TASK: The lines to retype run from the one containing "RA, Rentekammeret inntil" through the end of the listing below. Reproduce them exactly, leaving out pictures.
-------- SOURCE MATERIAL --------
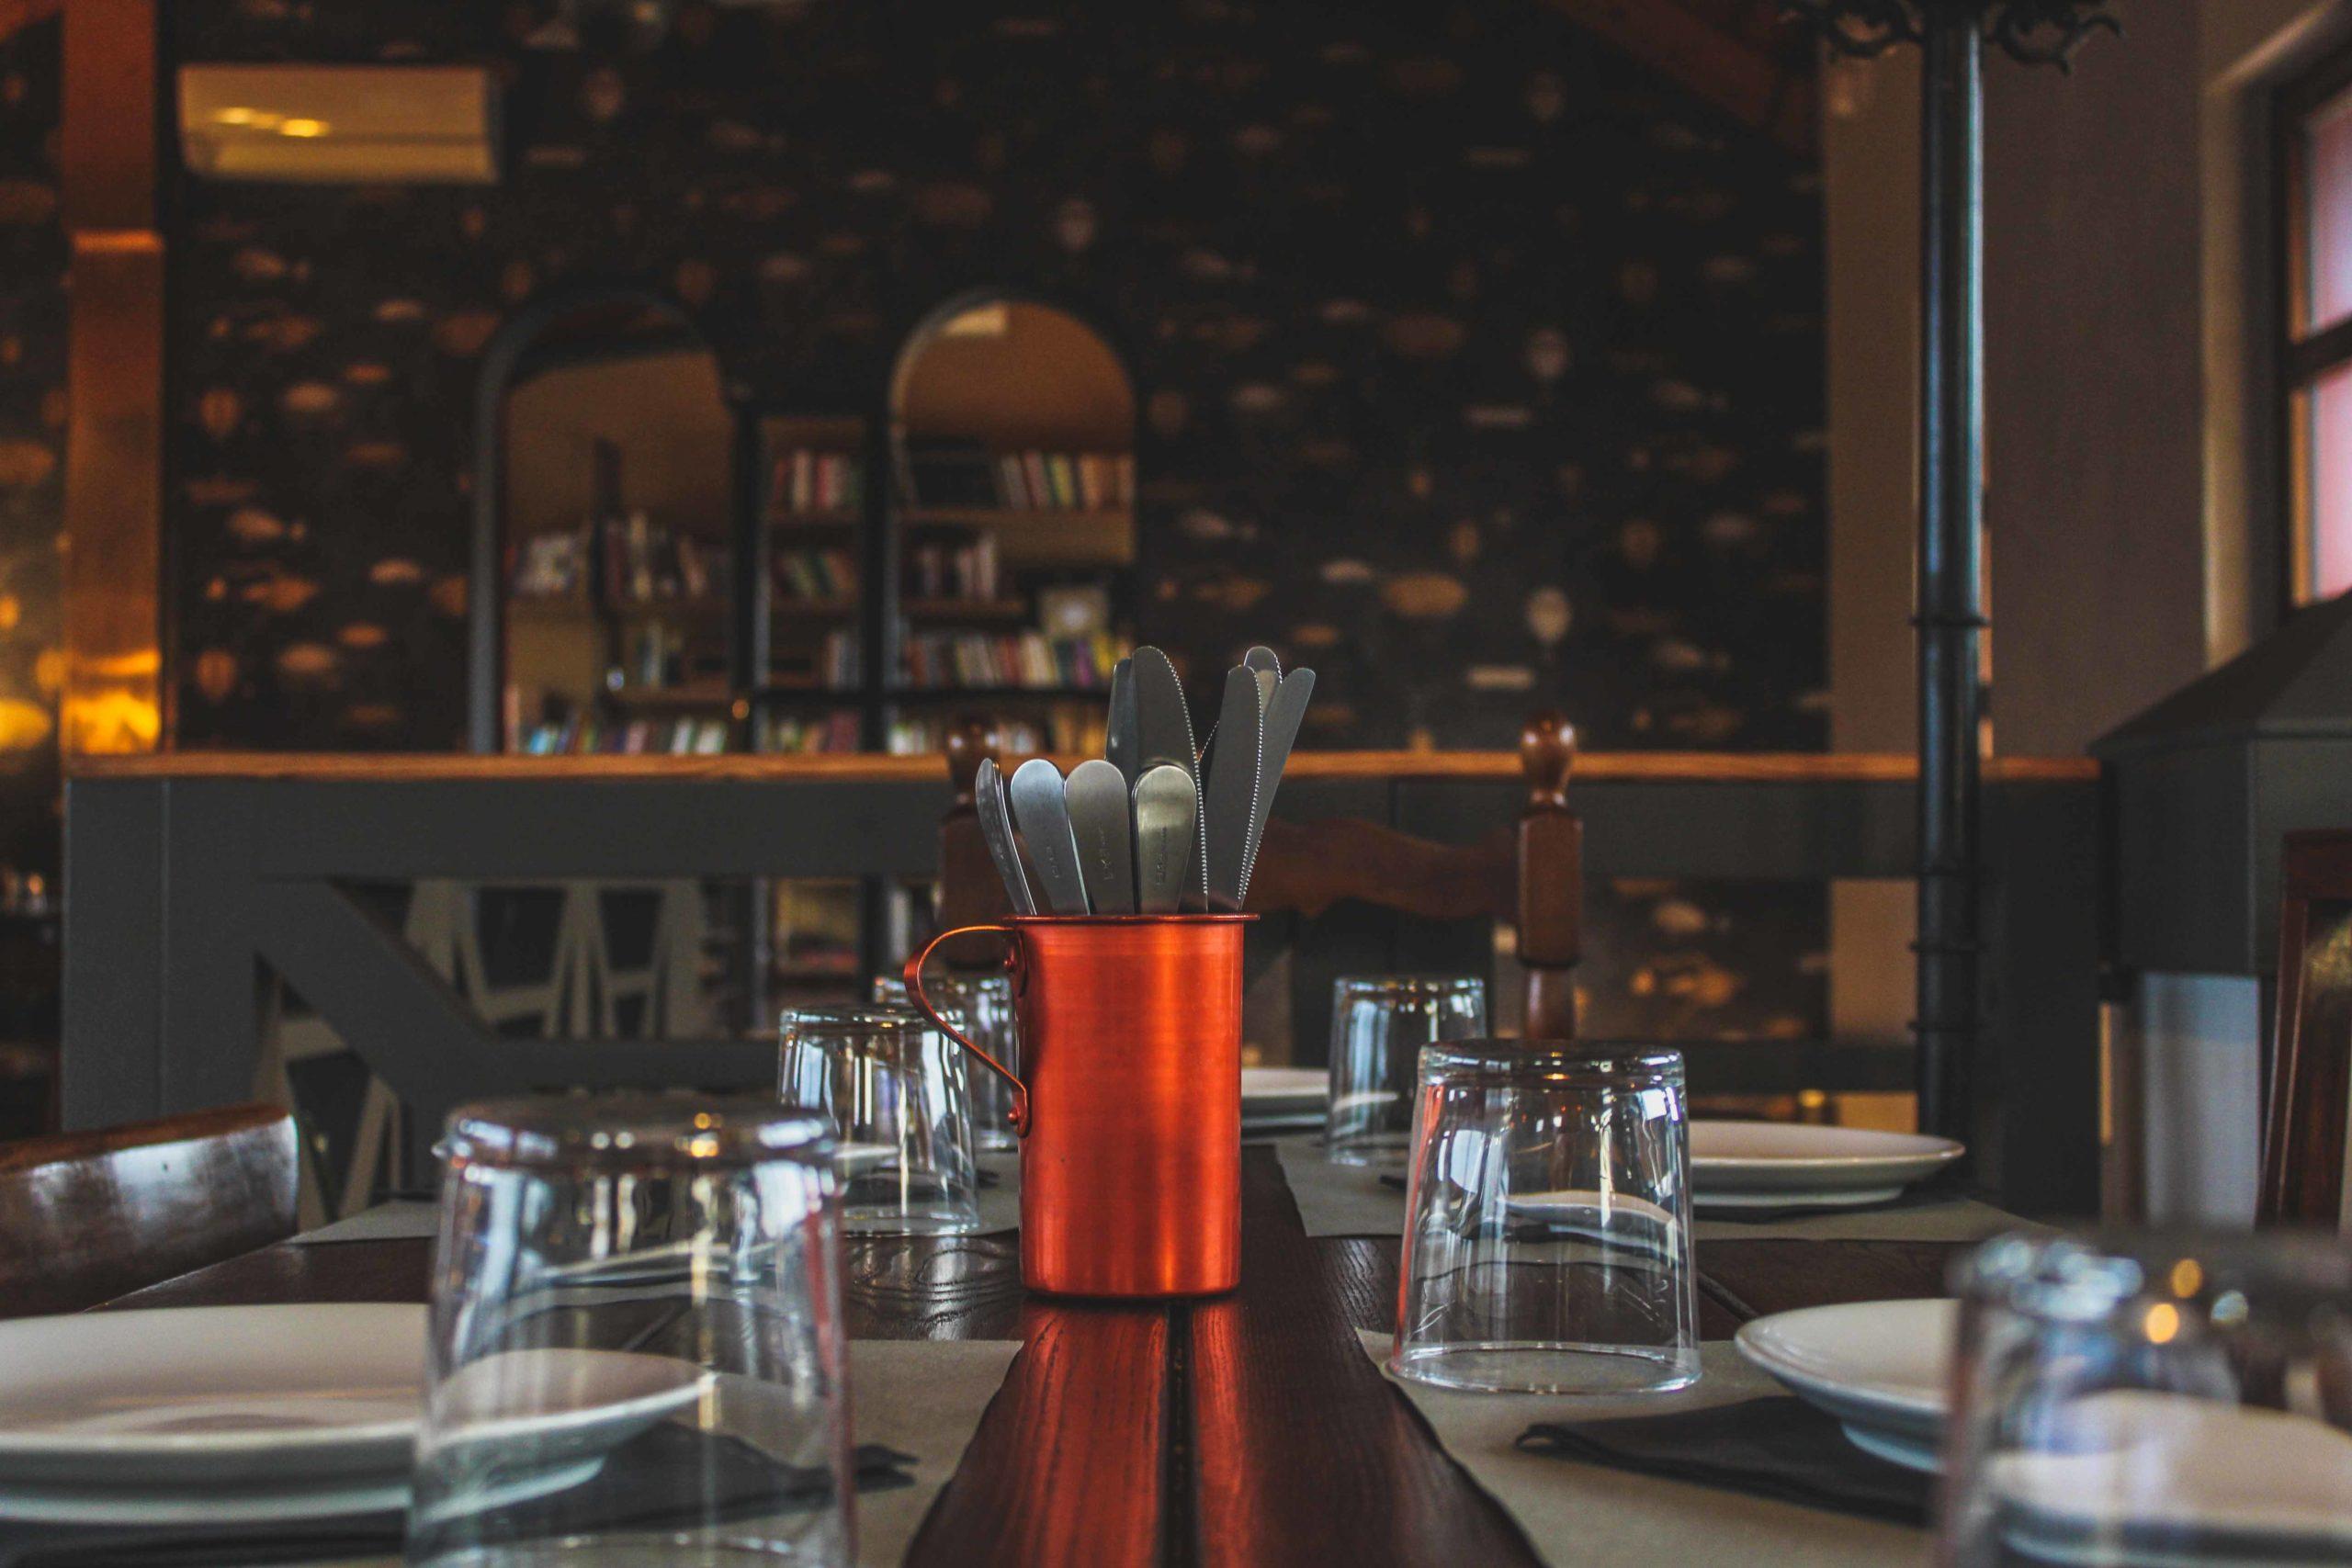 tavolo con posate e bicchieri
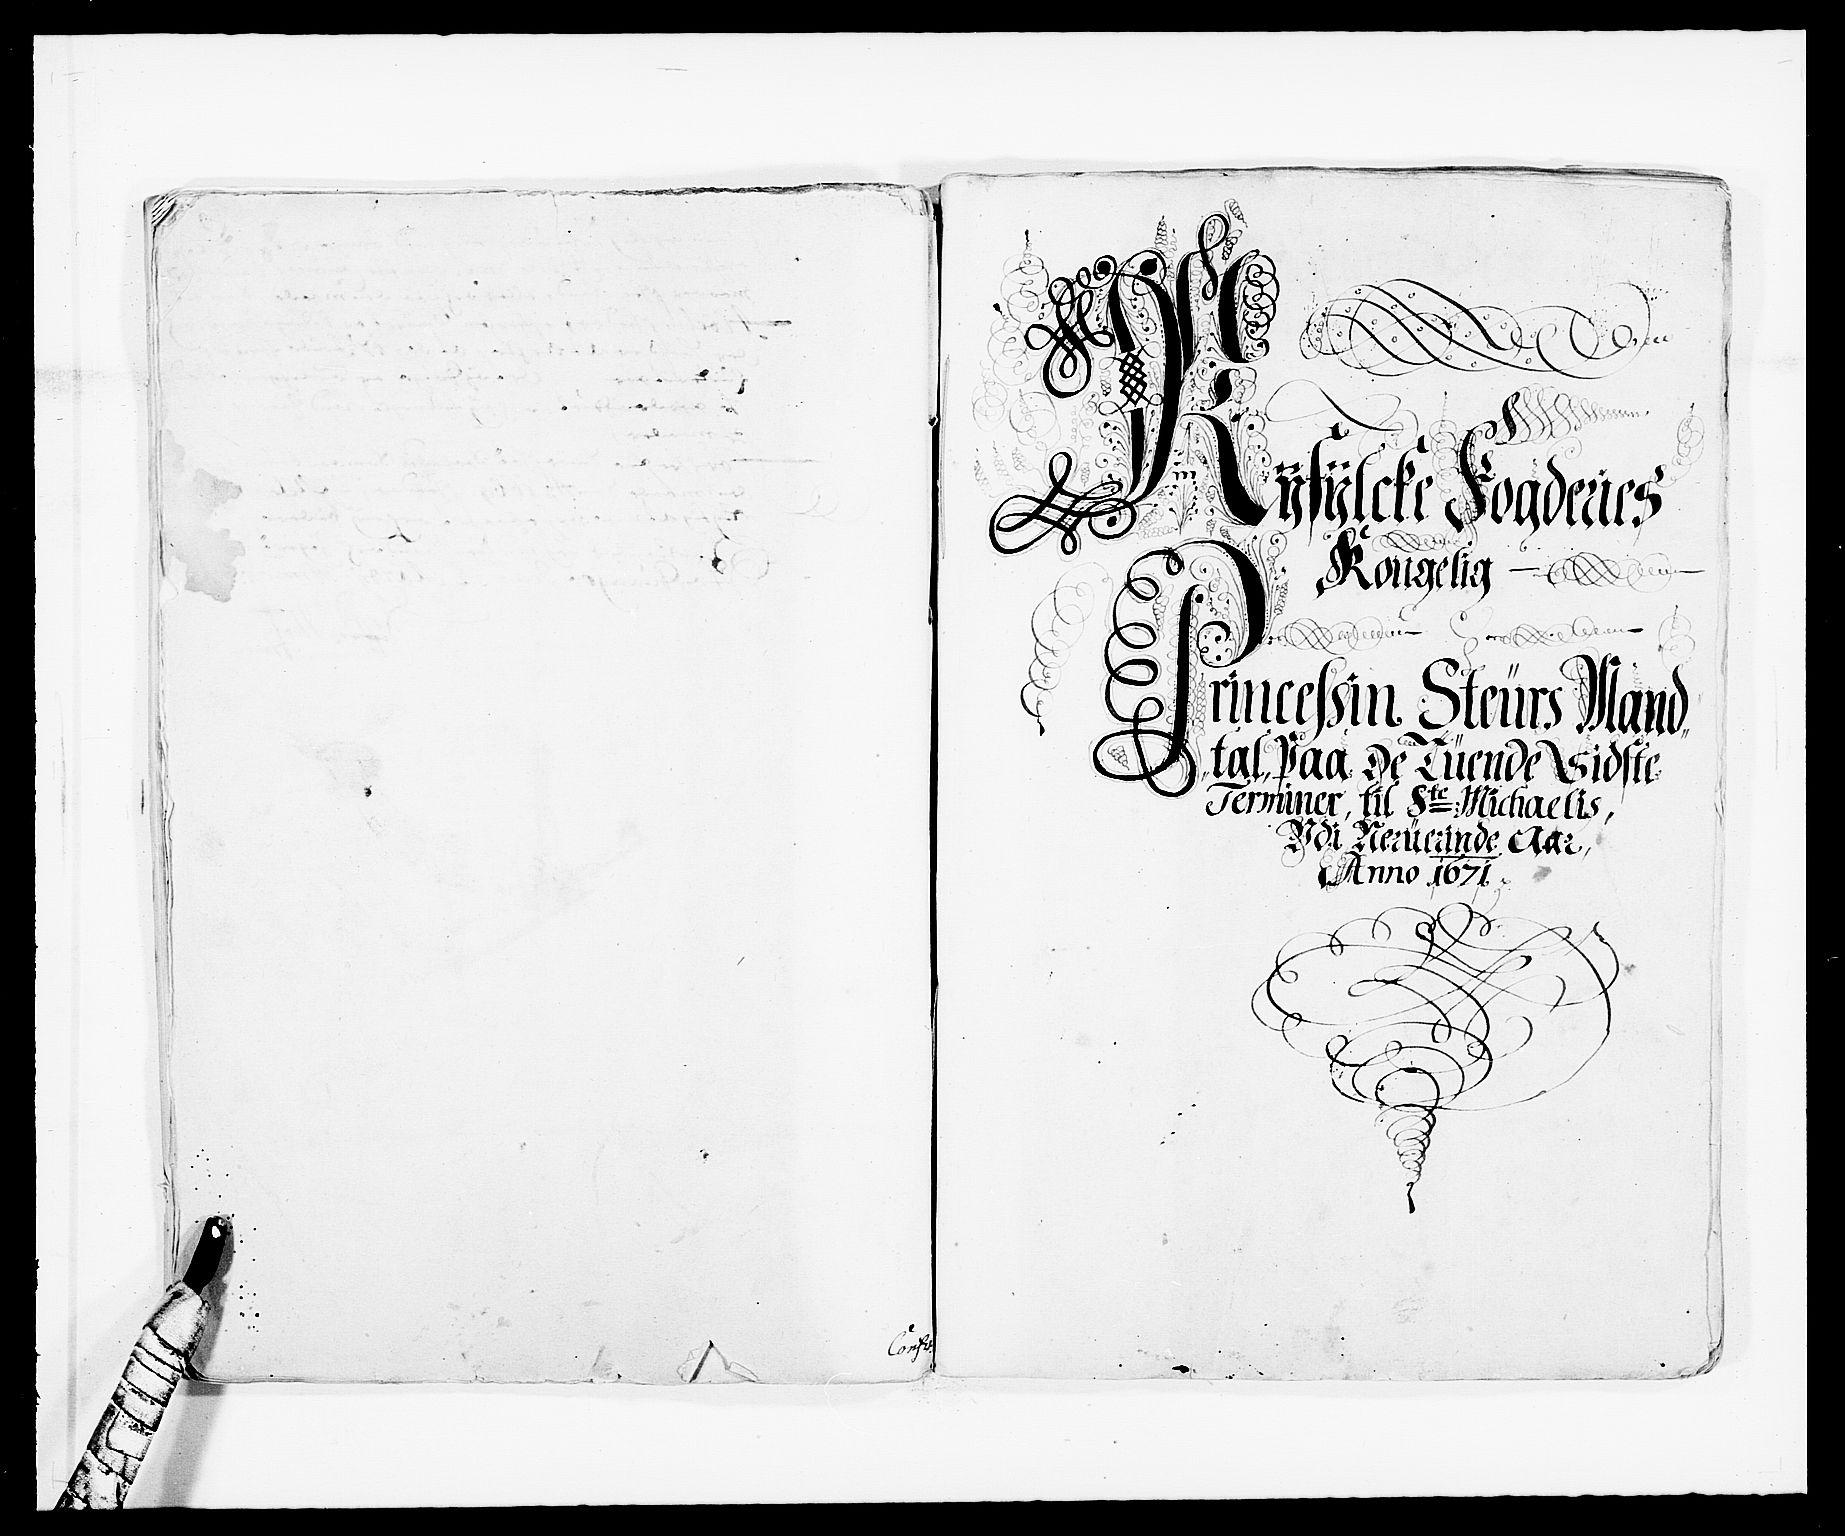 RA, Rentekammeret inntil 1814, Reviderte regnskaper, Fogderegnskap, R47/L2843: Fogderegnskap Ryfylke, 1670-1671, s. 467
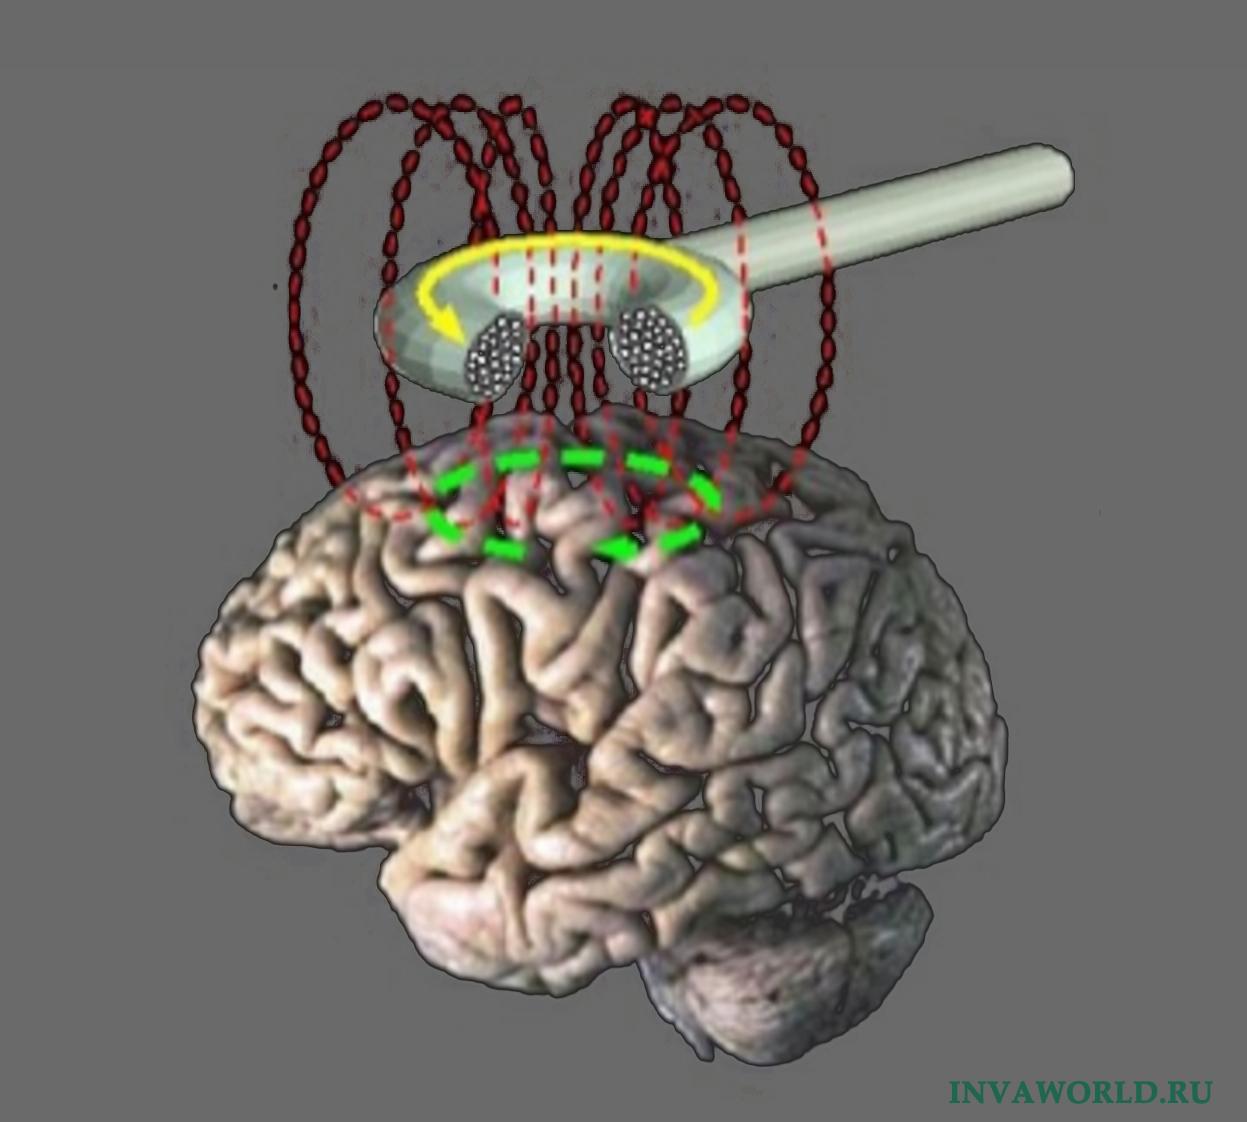 Восстановление речи после инсульта с помощью магнитотерапии
--------
ANSWER:
 RA, Rentekammeret inntil 1814, Reviderte regnskaper, Fogderegnskap, R47/L2843: Fogderegnskap Ryfylke, 1670-1671, s. 467
 Восстановление речи после инсульта с помощью магнитотерапии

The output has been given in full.